Chemistry
Electro-reduction of carbon dioxide at low over-potential at a metal-organic framework decorated cathode
X. Kang, L. Li, et al.
Discover a groundbreaking approach to the electrochemical reduction of carbon dioxide using a unique copper-electrode decorated with a metal-organic framework. This innovative research, conducted by Xinchen Kang and colleagues at the University of Manchester and the Chinese Academy of Sciences, reveals significant advancements in converting CO₂ to formic acid efficiently and with high Faradaic efficiency.
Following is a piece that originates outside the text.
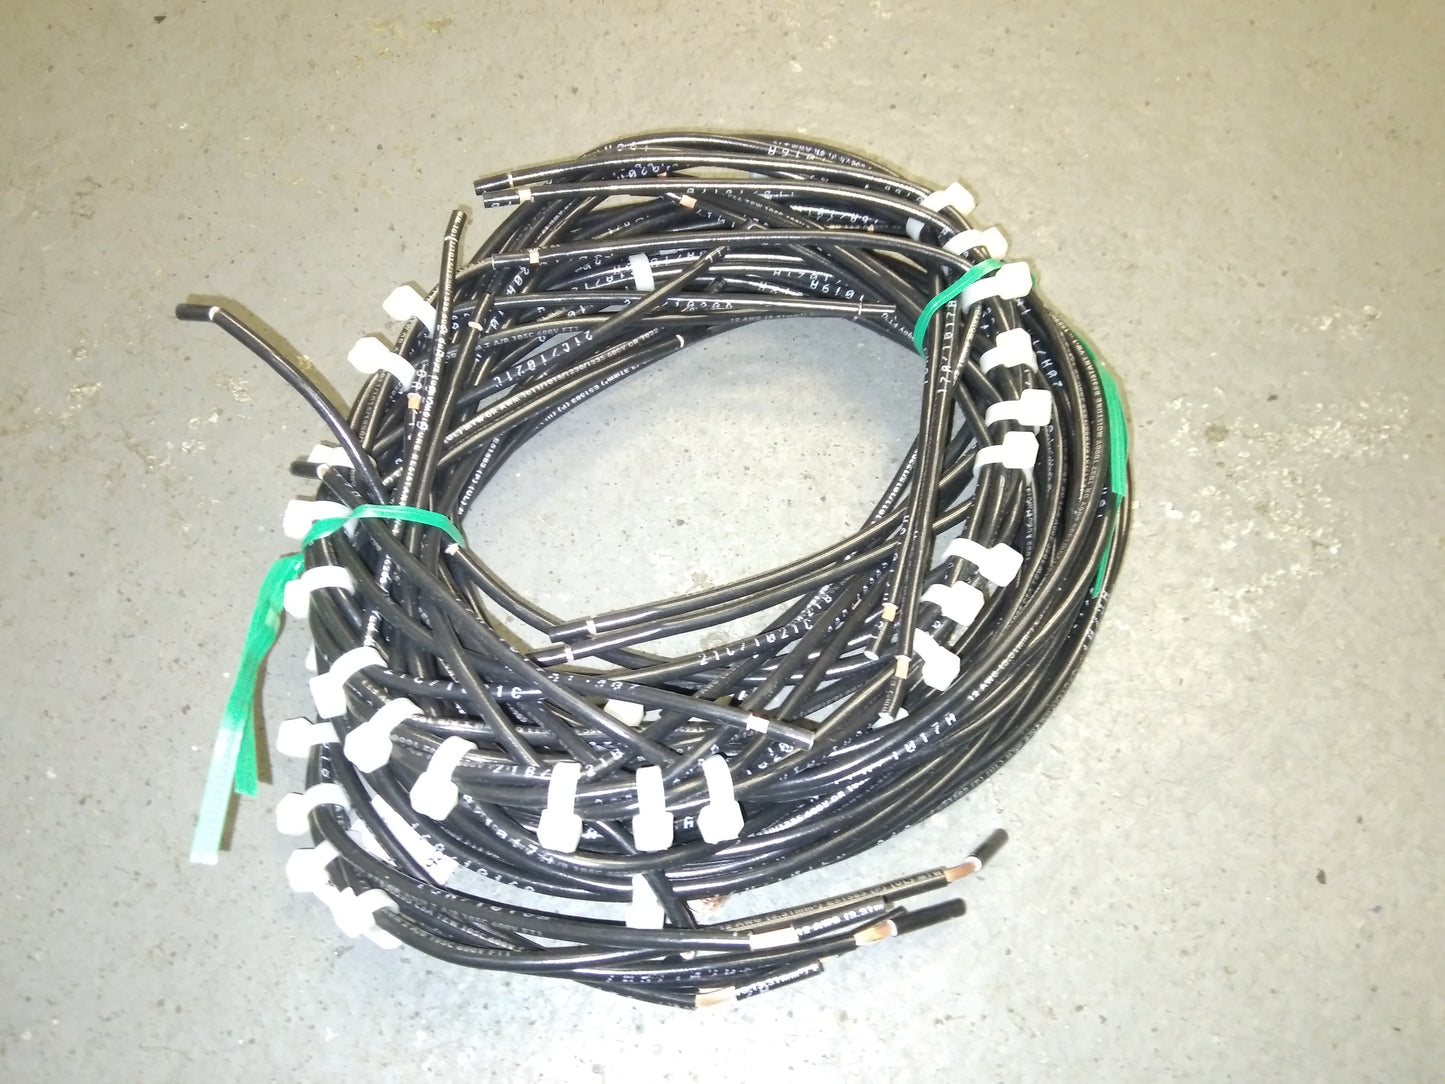 WIRING HARNESS FOR FAN CONTACTORS

~3 min • Beginner • English
Introduction
Rising atmospheric CO₂ levels drive efforts in carbon capture, storage, and conversion technologies. Electrochemical CO₂ reduction is promising due to mild operating conditions but is challenged by the high stability of the CO₂ molecule and the large overpotentials required to activate it. Copper-based electrodes can reduce CO₂ to diverse products (CO, formic acid, C₂+ products). Formic acid is an important C₁ product used industrially and as a fuel cell feed. Mechanistically, CO₂ electroreduction on Cu can proceed via O-bound HCOO⁻ or C-bound −COOH intermediates; the O-bound pathway can enhance selectivity toward formic acid. However, achieving high selectivity at low overpotentials is difficult, and high negative potentials can reduce and degrade Cu-based catalysts. Metal–organic frameworks (MOFs) offer high surface areas and tunable structures for catalysis, but highly crystalline MOFs often have low charge-transfer ability and fully coordinated, less accessible metal sites. Introducing accessible metal sites and enhancing charge transfer in MOFs are key to efficient electrocatalysis. This study investigates an ionic-liquid-templated, electrosynthesized Cu-MOF coating on Cu foam designed to introduce Cu(II) defect sites to lower onset potential and enhance selectivity for CO₂-to-formic-acid conversion.
Literature Review
Prior work shows Cu electrodes can produce CO, formate/formic acid, and multi-carbon products from CO₂, with selectivity influenced by intermediates (O-bound HCOO⁻ vs C-bound −COOH). Formic acid is valuable for industrial applications and fuel cells. Emerging catalysts have achieved reduced overpotentials for formate formation, including Cu-porphyrin MOFs. MOFs are attractive for gas adsorption and catalysis owing to high surface area and tunable structures, and have been explored for H₂/O₂ electrocatalysis and CO₂ reduction. However, many crystalline MOFs possess fully coordinated metal centers and poor charge transport, limiting their electrocatalytic activity. Defect engineering, incorporation of accessible metal sites, and improved electrical contact with conductive supports have been proposed to overcome these limitations. The HKUST-1 benchmark system and other Cu-MOFs highlight the role of morphology and conductivity in performance, but stability and competitive hydrogen evolution remain challenges. This work builds on templated electrosynthesis to integrate mesopores and defects, aiming to enhance CO₂ activation and selectivity toward formic acid at low overpotentials.
Methodology
Synthesis and electrode fabrication: The tetracarboxylic ligand H₄L was synthesized via a three-step literature method. The defect-rich MOF film Cu₂(L)-e was grown directly on Cu foam (0.5×1.0 cm²) by electrosynthesis using a two-electrode setup (Cu foam as both electrodes) in DMF/dioxane/H₂O (2:1:1 v/v/v) with 5 drops of HCl (37%) and EmimOAc (1.0 mL) as supporting electrolyte at 60 °C under 8.0 V for 10 min. After synthesis, the electrode was solvent-exchanged with acetone/acetonitrile (1:1 v/v). A solvothermally synthesized reference MOF, Cu₂(L)-t, was prepared from Cu(NO₃)₂·3H₂O and H₂L in DMF with HNO₃ at 80 °C for 48 h. HKUST-1-e/Cu was prepared analogously using trimesic acid.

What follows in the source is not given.